More than 90% of sentences are plea bargains, not tried to a jury at all.

Overall, the result seems to be that the very people the modern procedural protections were intended to protect (minority defendants and poor people) are the clear losers in the new system. Sure, plea deals save money on prosecutions, but the upshot is a criminal justice “system” of police officers’ and prosecutors’ discretion, rather than a system of judges’ and juries’ discretion. Just like draft boards’ discretion tended to mean that well-off folks got out of going to ‘Nam, discretion in the U.S. is a big part of how we put 1/3 of black men between 20 and 30 in jail without the rest of us thinking there was a war going on.

But the central theme is about how legislatures have adjusted to the insane expense of excess procedural protections by creating new kinds of violations and tougher sentences for existing ones, and by disempowering judges and juries with mandatory sentencing and crimes that don’t have a “criminal intent” component, but rather merely an “intent” or even merely a “possession implies intent” component, which empowers prosecutors to bully plea bargains from defendants. The upshot is a criminal justice “system” of legislative, police, and prosecutorial discretion for newly created categories of crime, rather than a system powered by aggressive prosecution and traditional sentences for the “big five” (murder, battery, rape, arson, fraud/perjury) and judges and juries.

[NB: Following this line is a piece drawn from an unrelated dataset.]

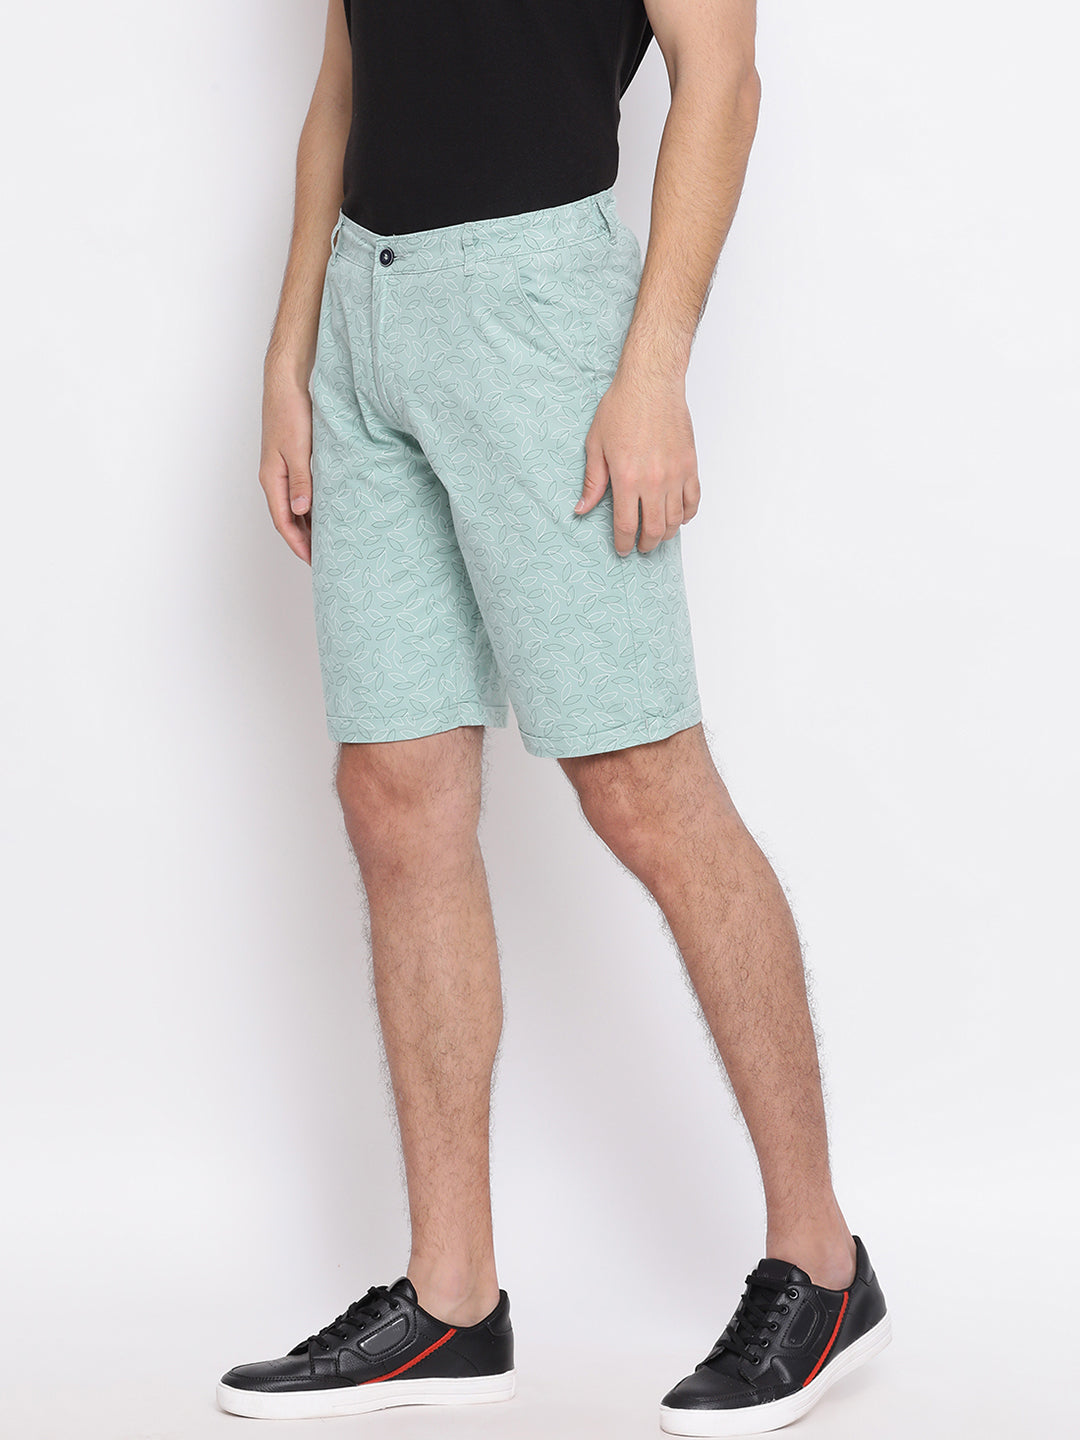 Green Printed Shorts - Men Shorts

Stuntz also looks at electoral checks on police and prosecutors. TCOACJ looks at the parallel between the post-Potato-famine Irish communities that built electoral machines and took over city electoral politics in response to excess incarceration of Irish young men, and a similar (but less successful) effort by African American communities in response to a wave of incarceration of African American men. In both cases, the wave of incarceration was itself tightly connected to a large group of newly arrived young men without opportunity–whether young Irishmen escaping the famine, or young black Americans fleeing Jim Crow.